= Payload Assist Module =

Single-stage solid-fueled booster stage

PAM-D with the Phoenix spacecraft. The stage is successively spun, fired, yo-yo de-spun and jettisoned.

The Payload Assist Module (PAM) is a modular upper stage designed and built by McDonnell Douglas (Boeing), using Thiokol Star-series solid propellant rocket motors. The PAM was used with the Space Shuttle, Delta, and Titan launchers and carried satellites from low Earth orbit to a geostationary transfer orbit or an interplanetary course. The payload was spin stabilized by being mounted on a rotating plate.

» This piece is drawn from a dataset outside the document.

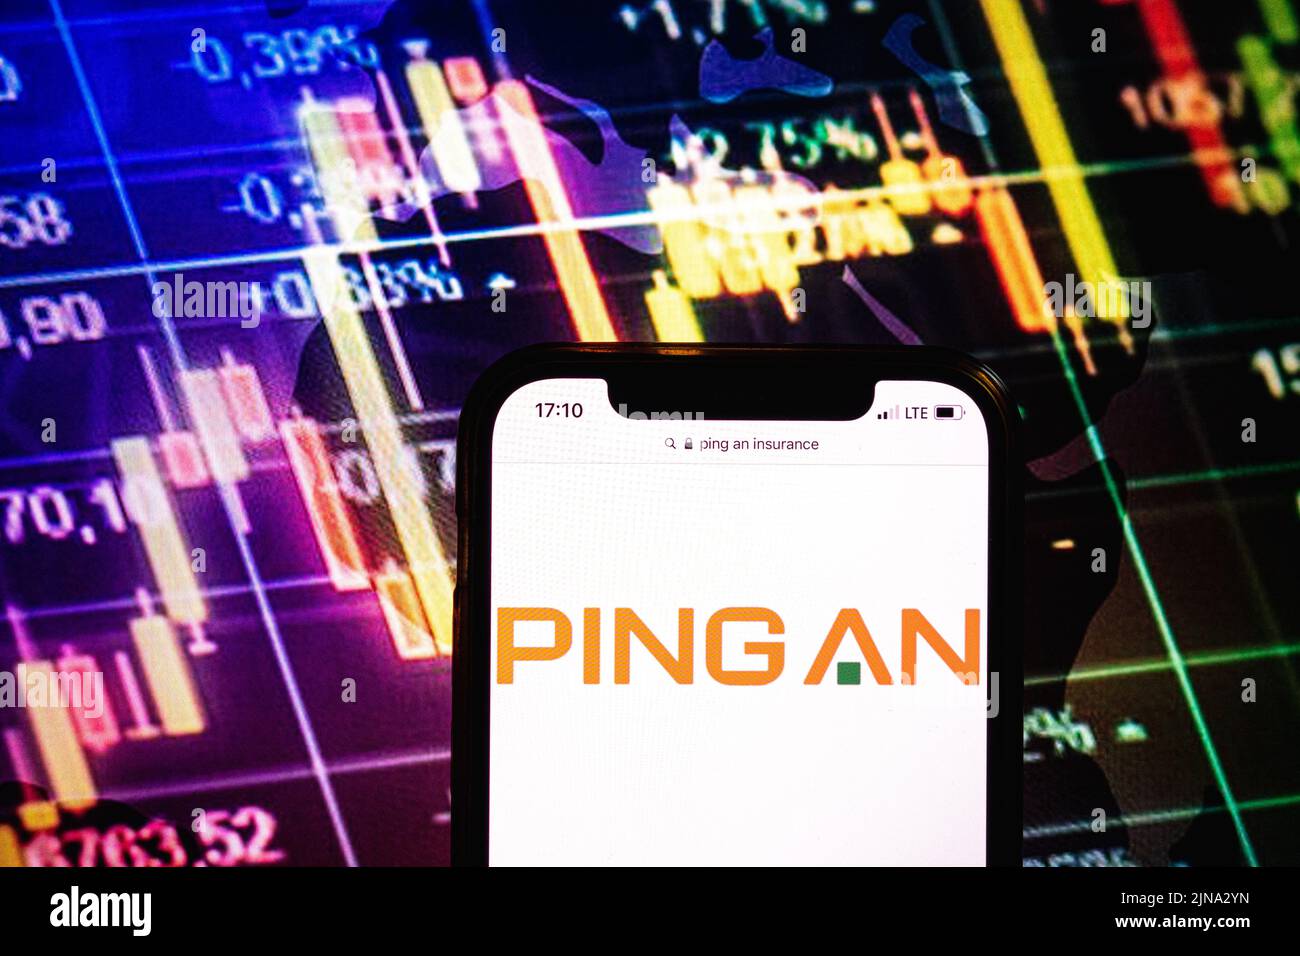 KONSKIE, POLAND - August 09, 2022: Smartphone displaying logo of Ping An Insurance company on stock exchange diagram background Stock Photo

Originally developed for the Space Shuttle, different versions of the PAM were developed:
- PAM-A (Atlas class), development terminated; originally to be used on both the Atlas and Space Shuttle, designed for satellites up to 4400 lb
- PAM-D (Delta class), uses a Star-48B rocket motor, designed for satellites up to 2750 lb
- PAM-DII (Delta class), uses a Star-63 rocket motor, designed for satellites up to 4150 lb
- PAM-S (Special), uses a Star-48B as a kick motor for the space probe Ulysses

The PAM-D module was used as an optional third stage of the classic Delta rocket. The PAM-D was discontinued after the Challenger accident. A simplified 3rd stage using the STAR-48 motor was employed on Delta II.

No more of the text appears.